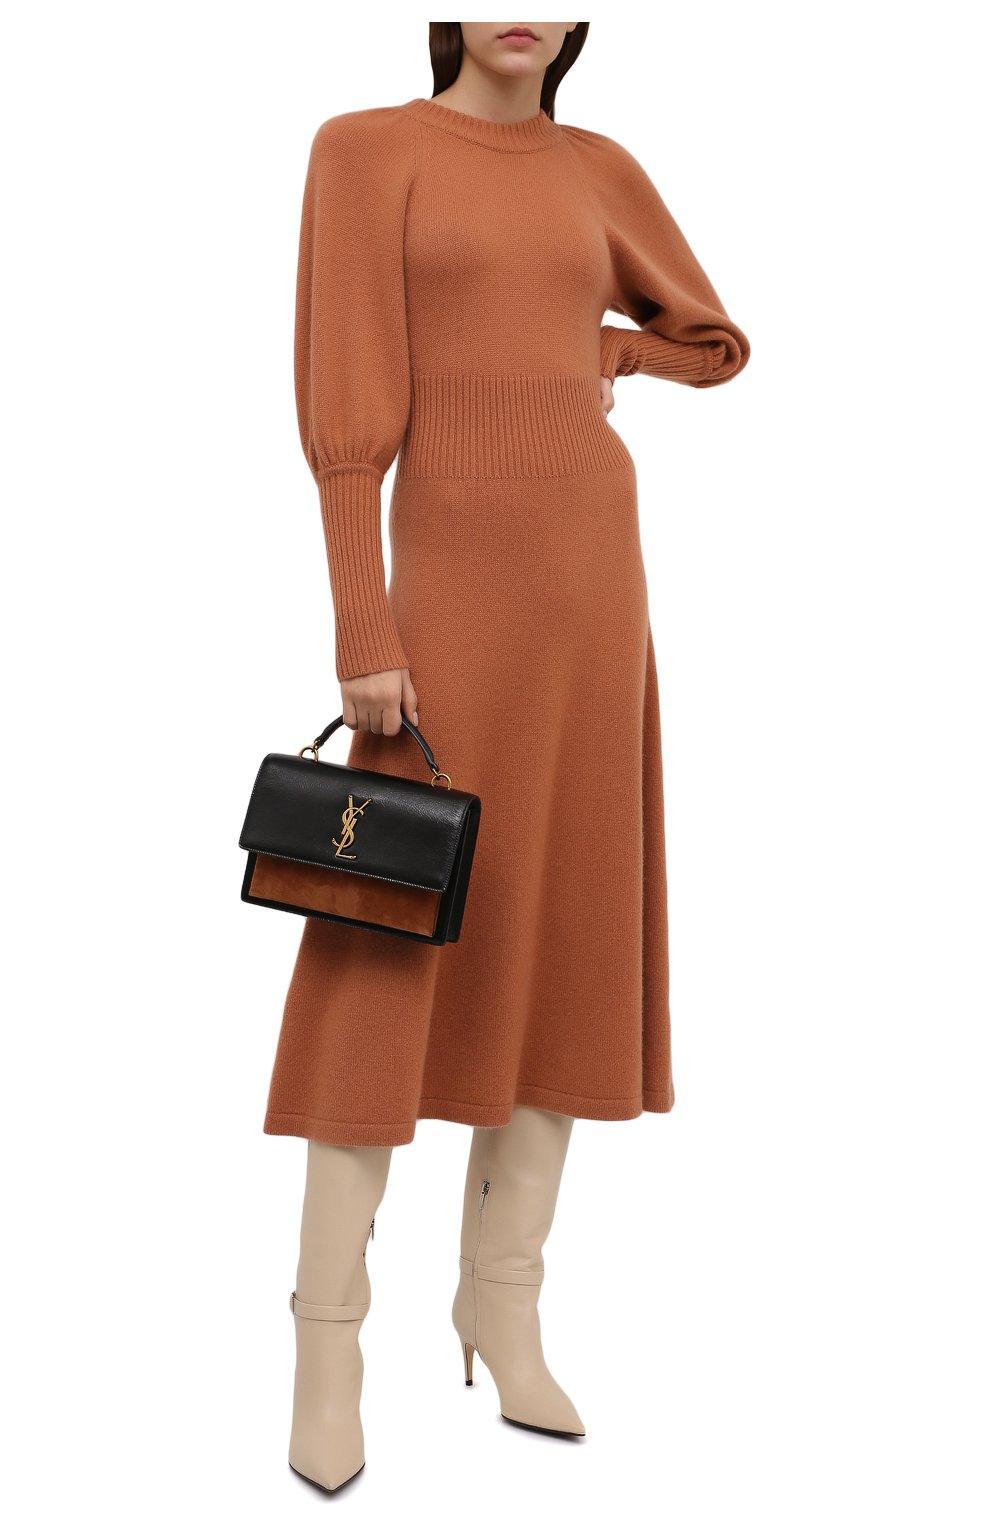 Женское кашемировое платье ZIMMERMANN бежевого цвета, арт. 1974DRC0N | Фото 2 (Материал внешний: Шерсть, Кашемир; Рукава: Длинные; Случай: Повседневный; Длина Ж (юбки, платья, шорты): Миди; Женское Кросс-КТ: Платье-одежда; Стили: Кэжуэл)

==

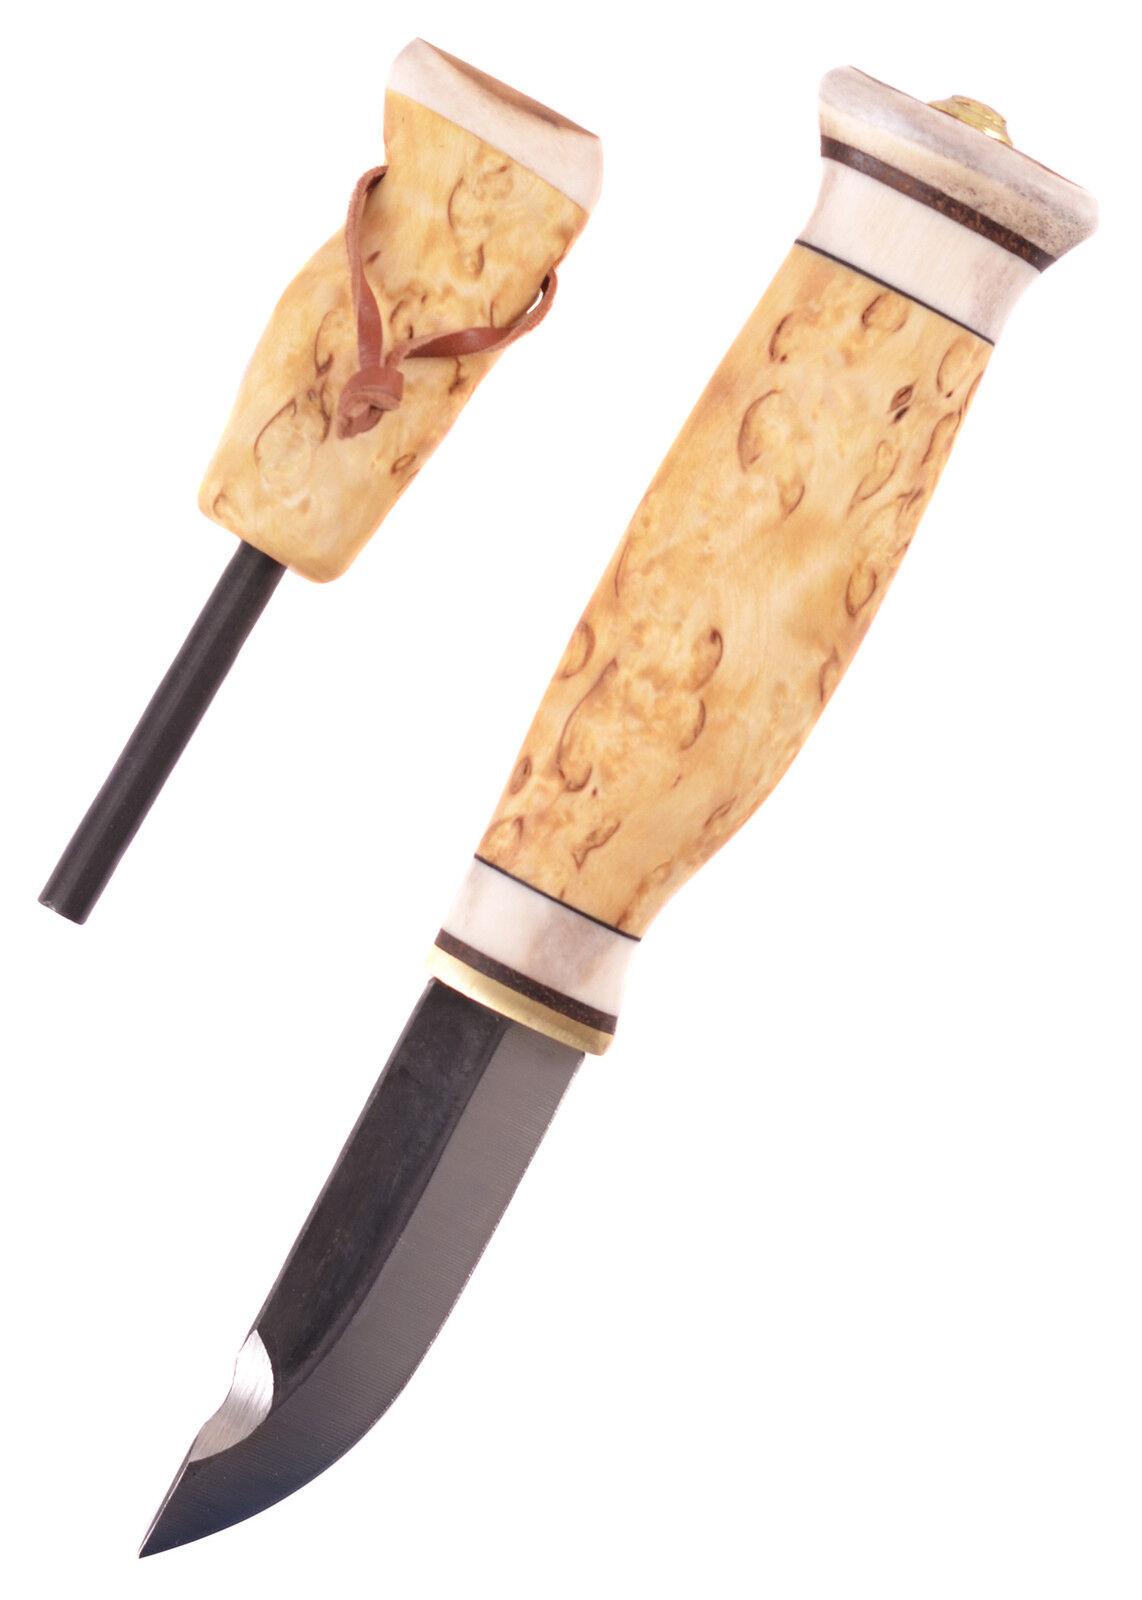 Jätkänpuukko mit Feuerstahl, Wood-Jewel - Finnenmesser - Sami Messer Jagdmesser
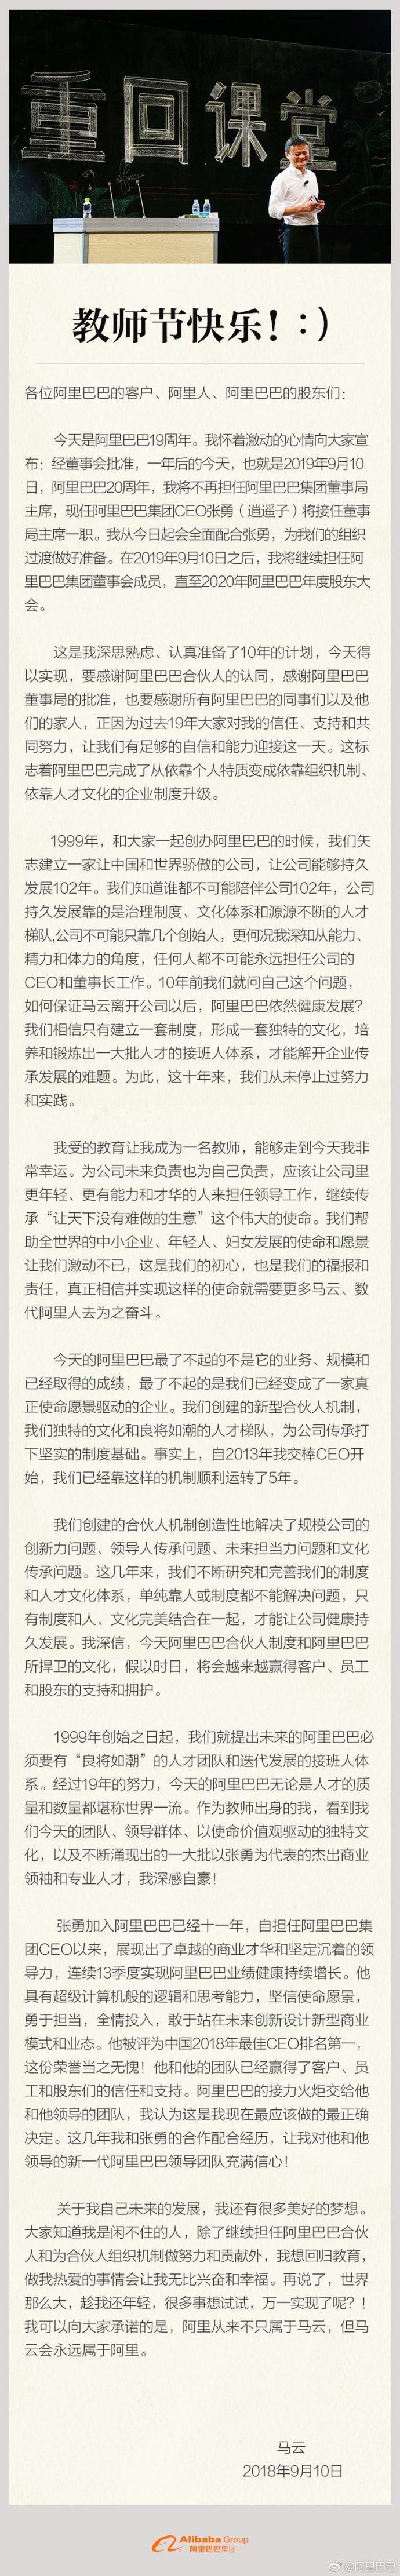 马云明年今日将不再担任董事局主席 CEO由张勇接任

* **Work required**: Beginning at the line above that contains "Jätkänpuukko mit Feuerstahl, Wood-Jewel" and going on through the line that contains "马云明年今日将不再担任董事局主席 CEO由张勇接任", please copy every line exactly, leaving the pictures out and adding nothing.

* **Final answer**:
 Jätkänpuukko mit Feuerstahl, Wood-Jewel - Finnenmesser - Sami Messer Jagdmesser
 马云明年今日将不再担任董事局主席 CEO由张勇接任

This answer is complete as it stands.